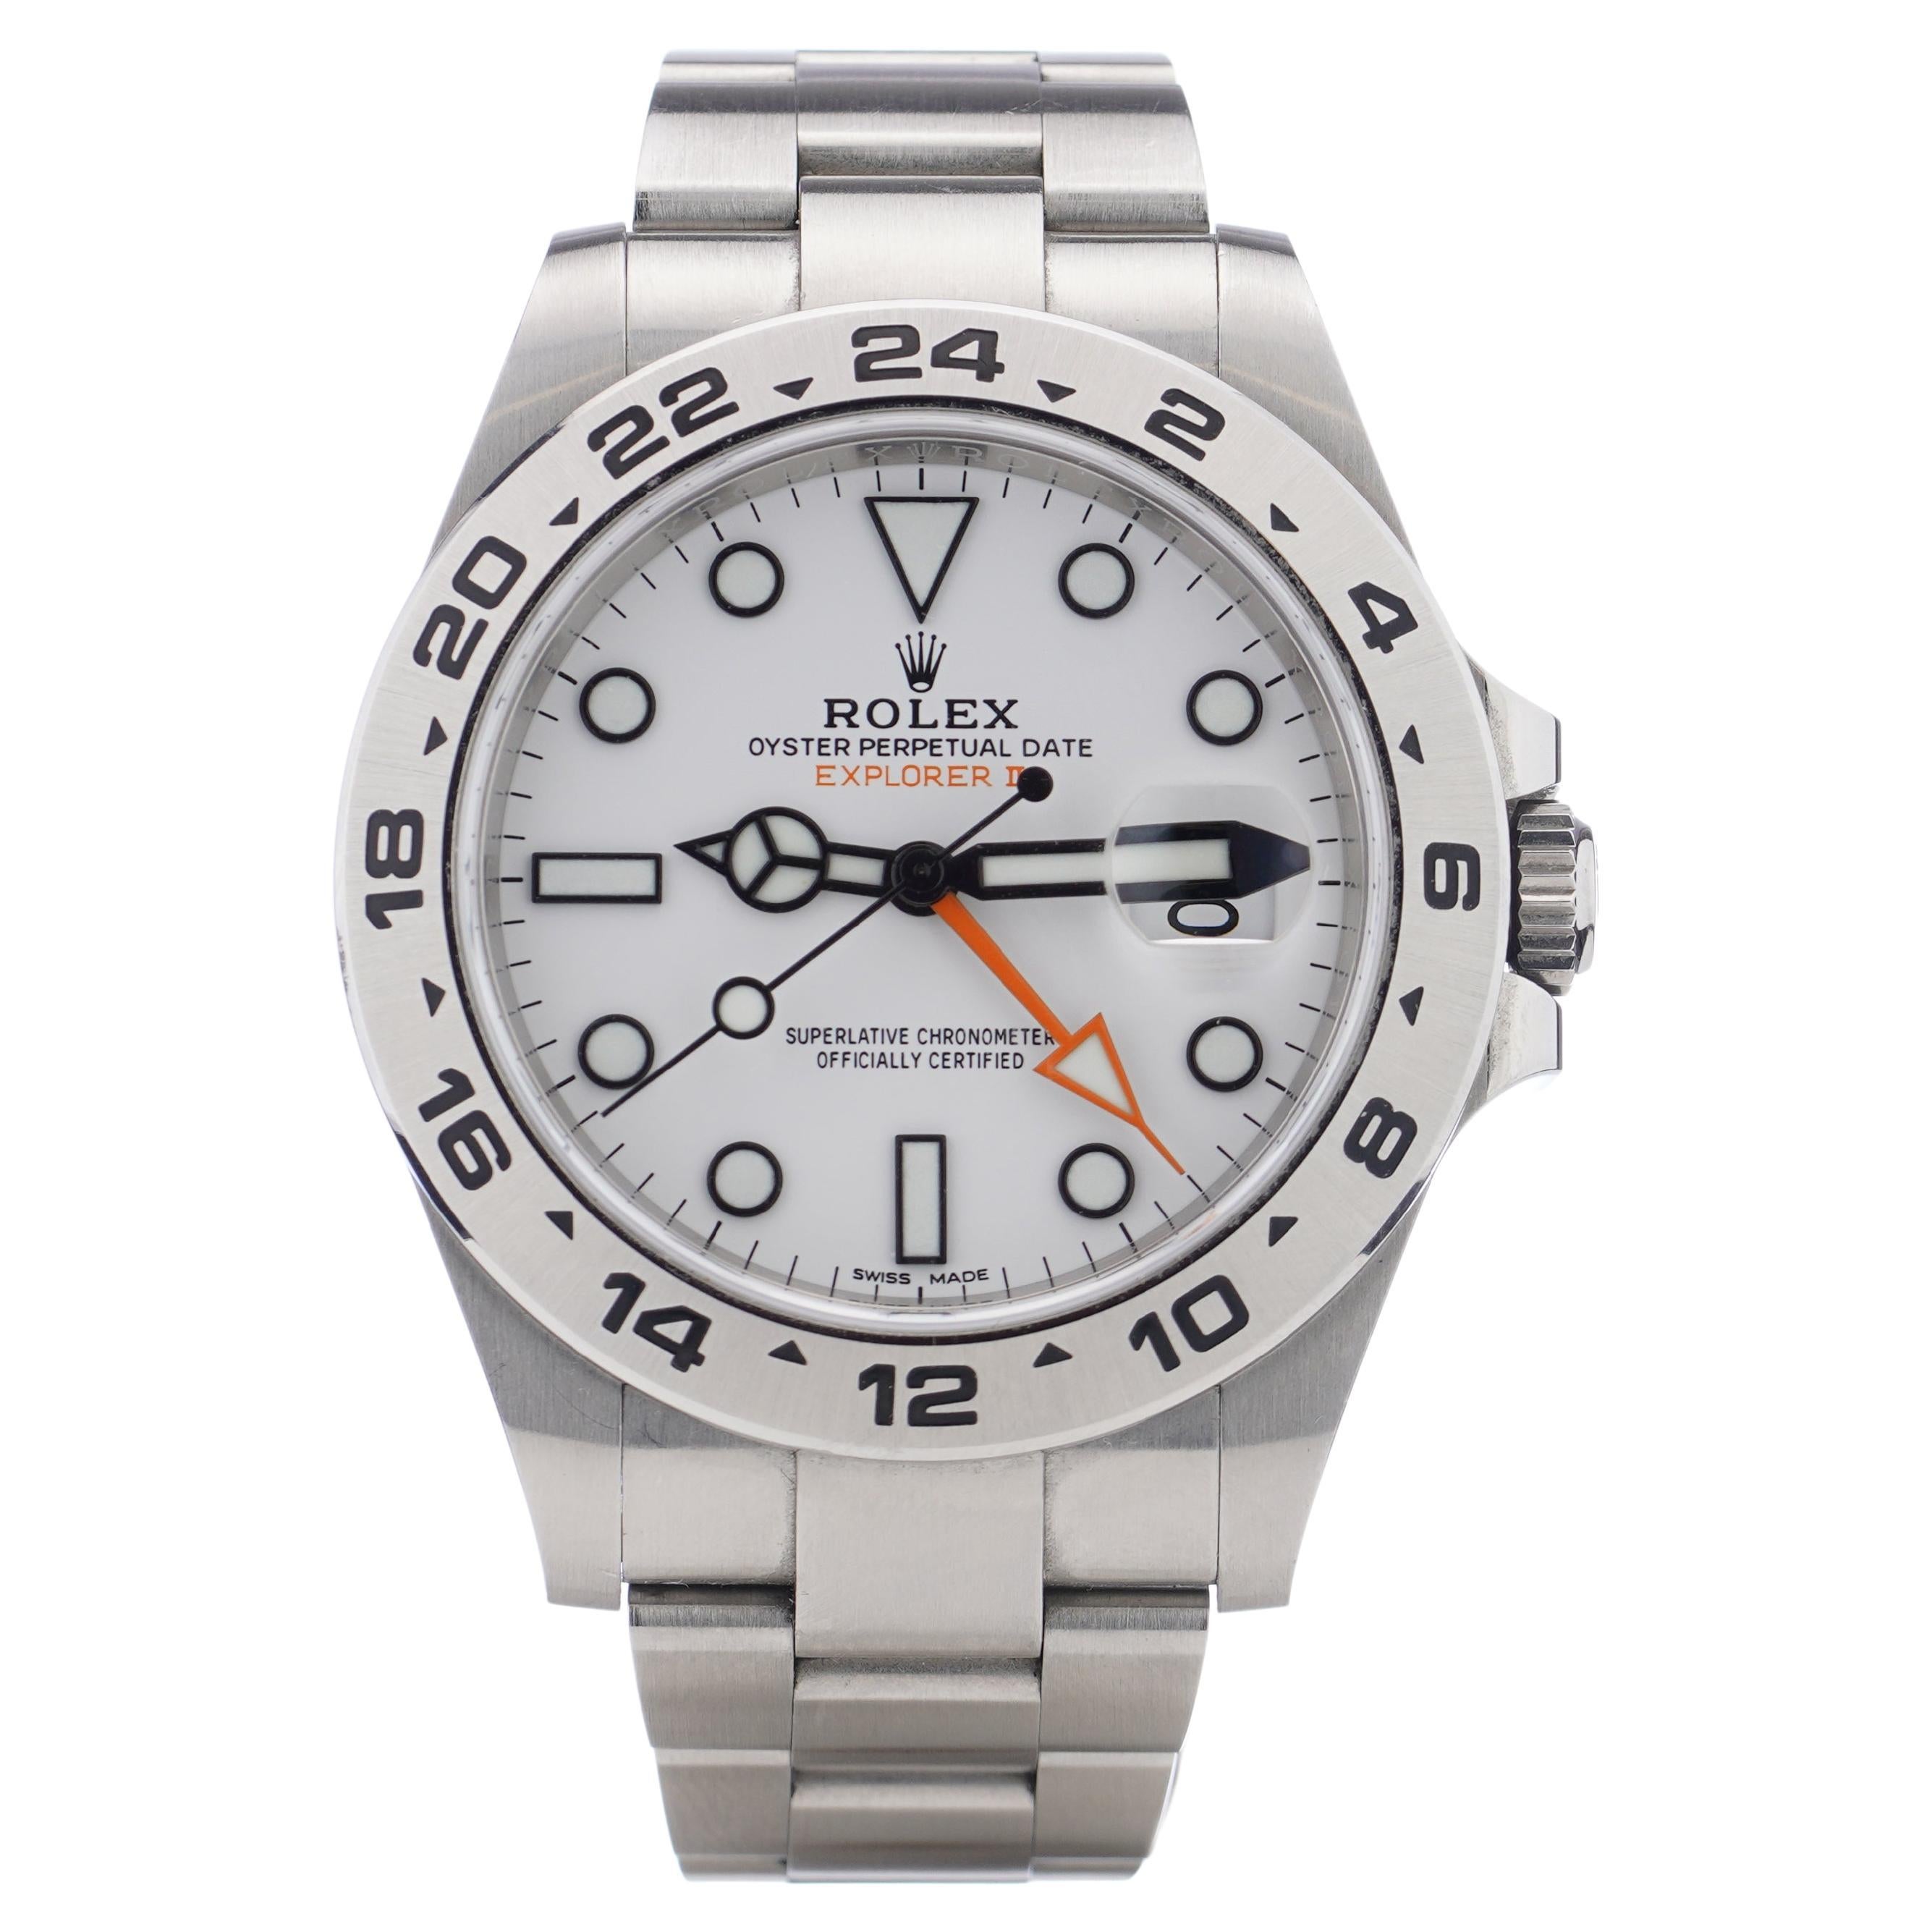 Rolex Oyster Perpetual Explorer II 216570 For Sale
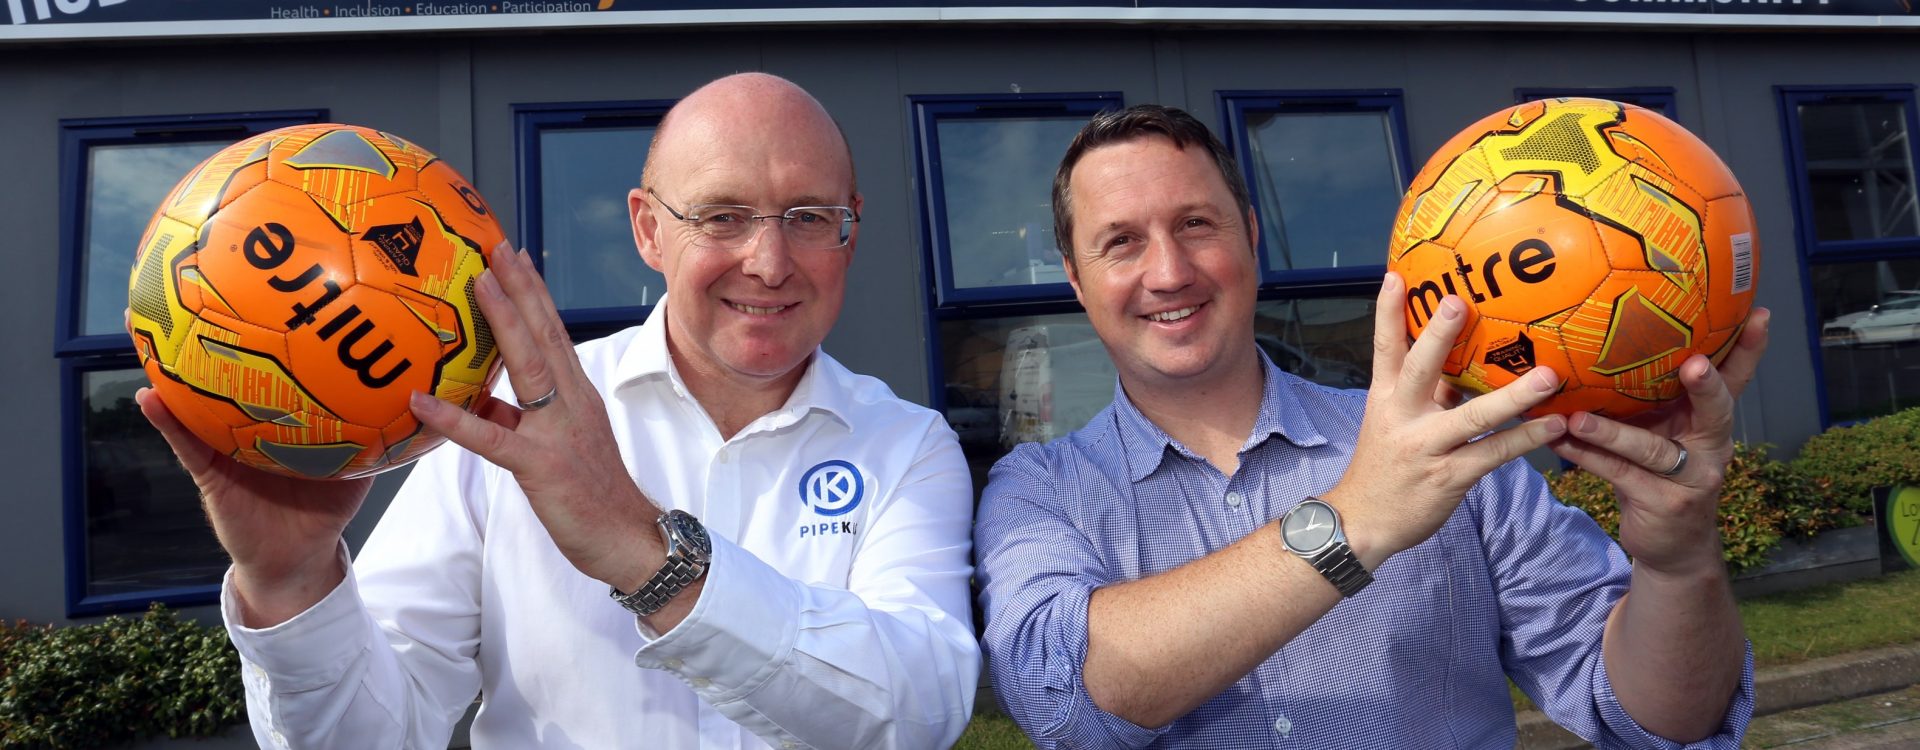 Jamie Edwards, STitC, and Martyn Rowlands, Pipekit pose with footballs
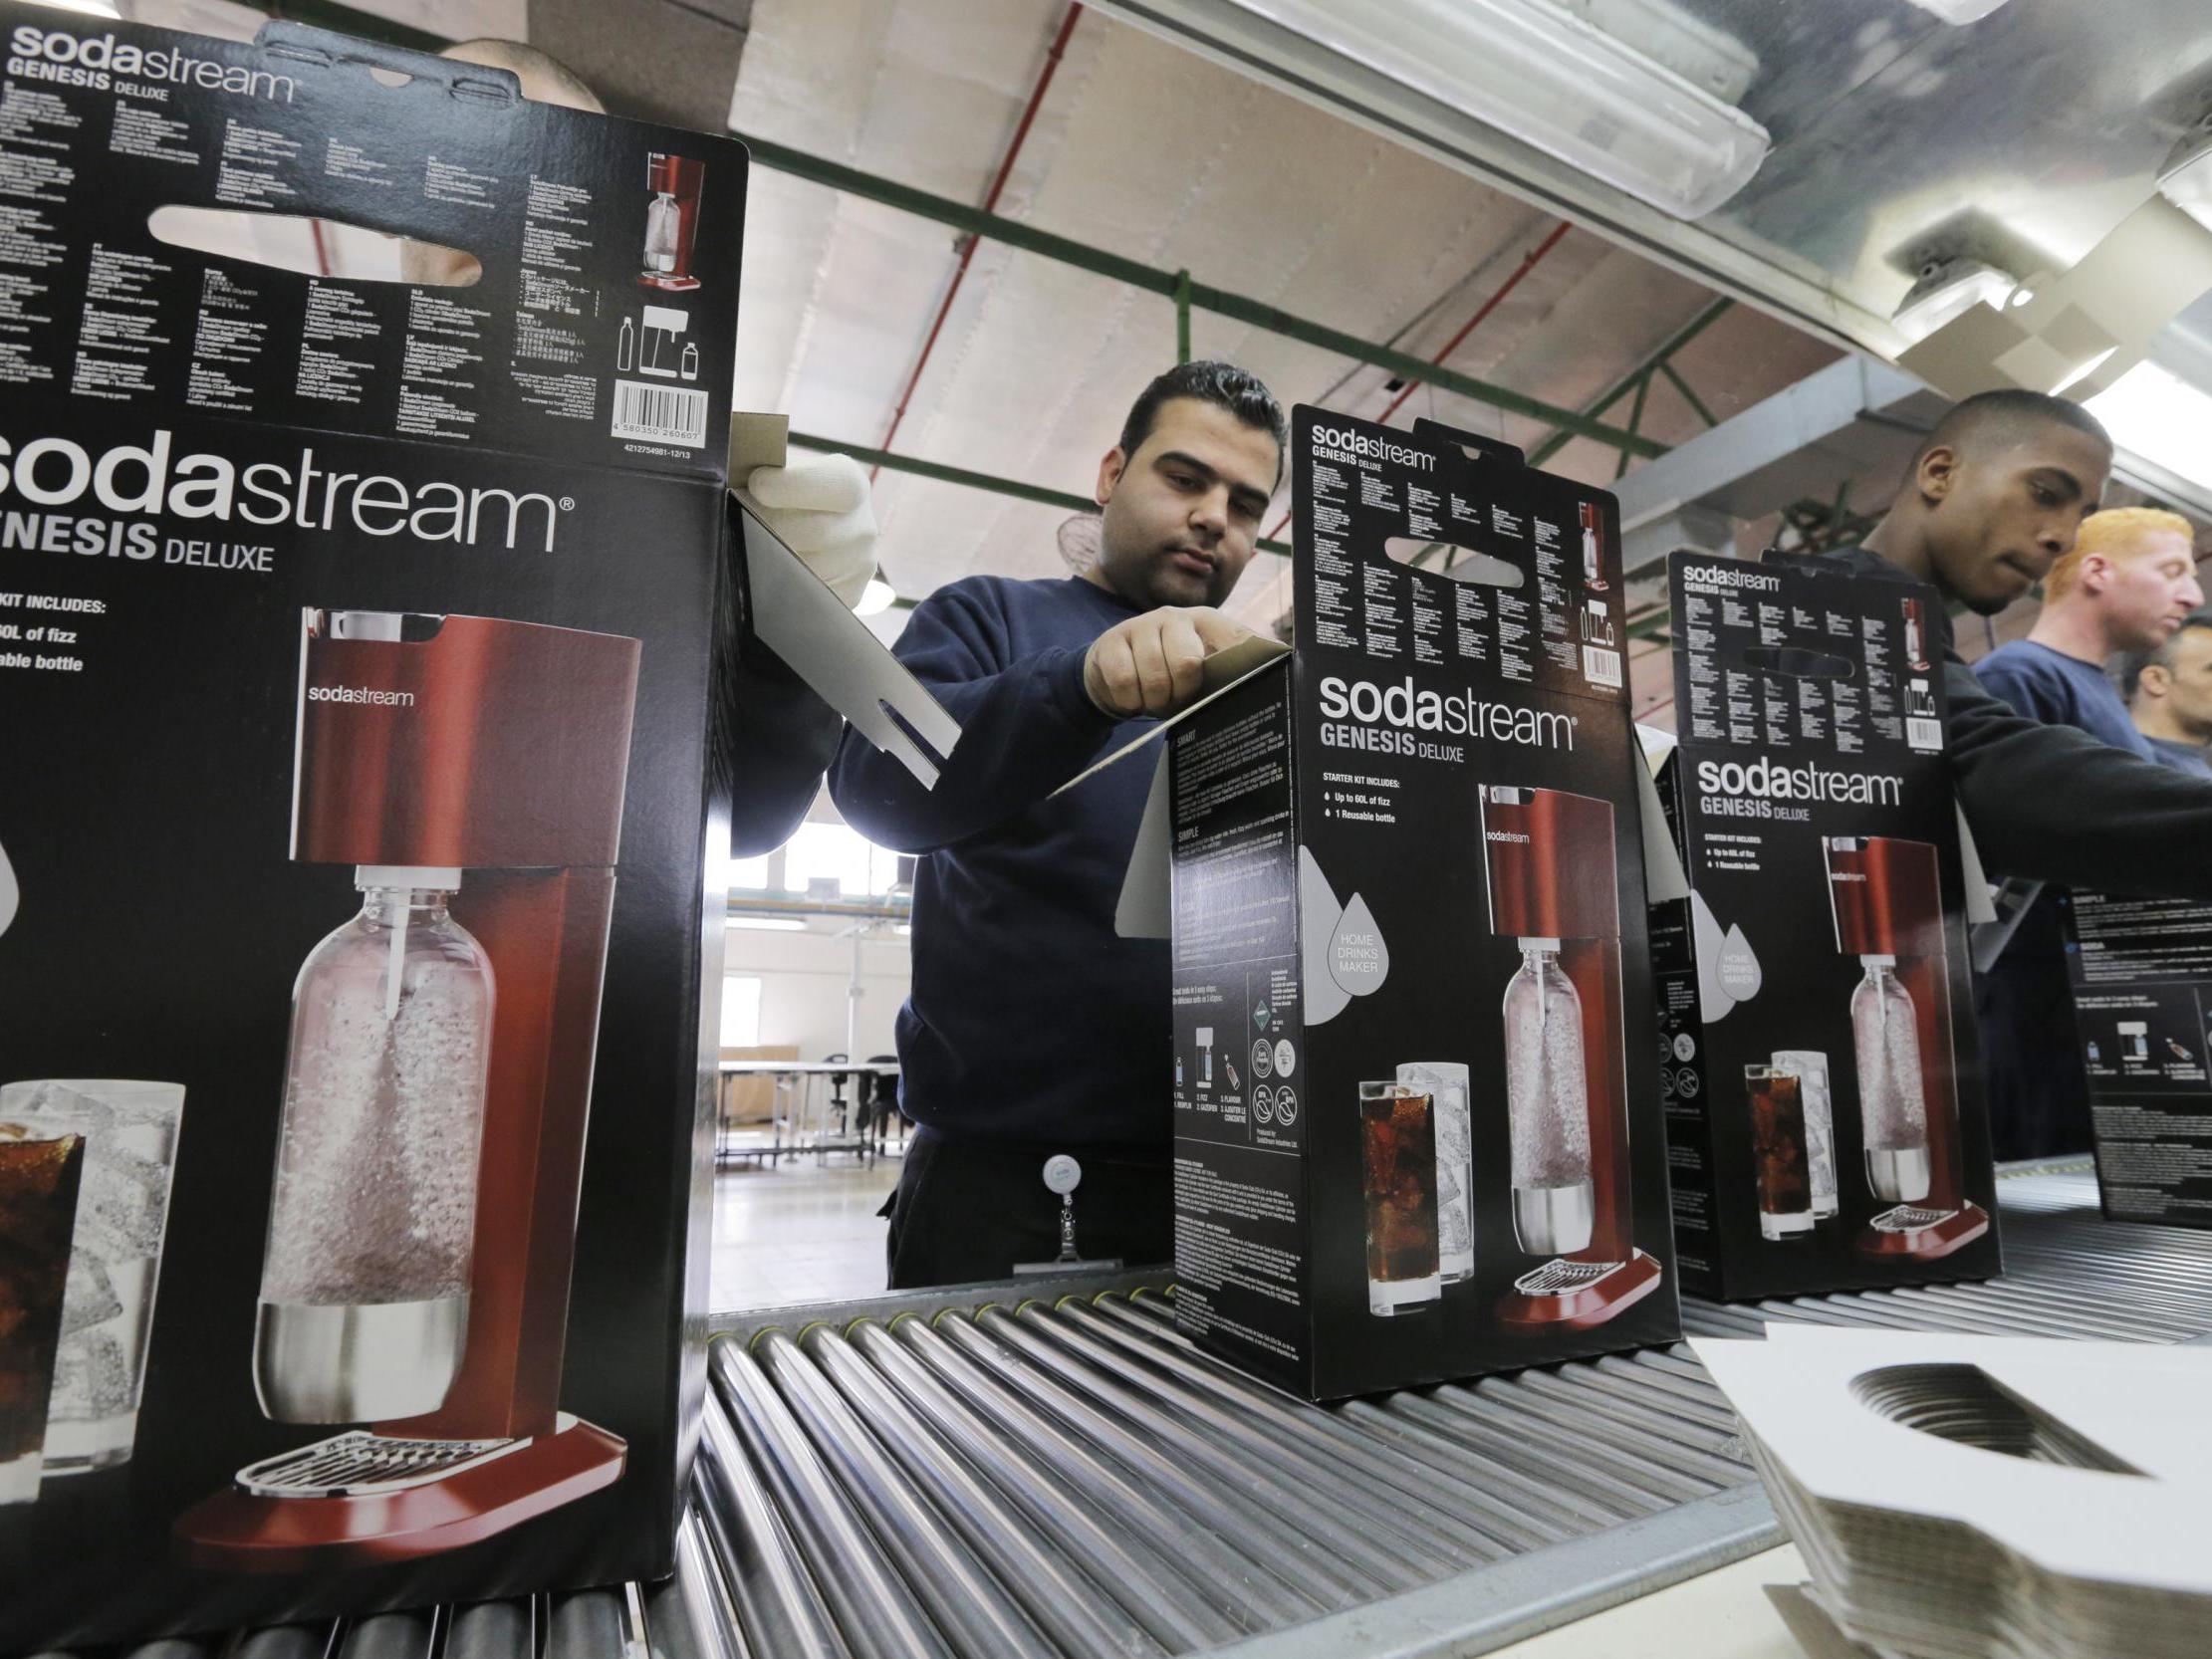 SodaStream switched focus from sugary soft drinks to sparkling water a few years ago
# # # # #
TASK OBJECTIVE: Once the pictures are set aside, repeat the data above exactly as written.

COMPLETED EXERCISE:
 Rolex Oyster Perpetual Explorer II 216570 For Sale
 Jamie Edwards, STitC, and Martyn Rowlands, Pipekit pose with footballs
 SodaStream switched focus from sugary soft drinks to sparkling water a few years ago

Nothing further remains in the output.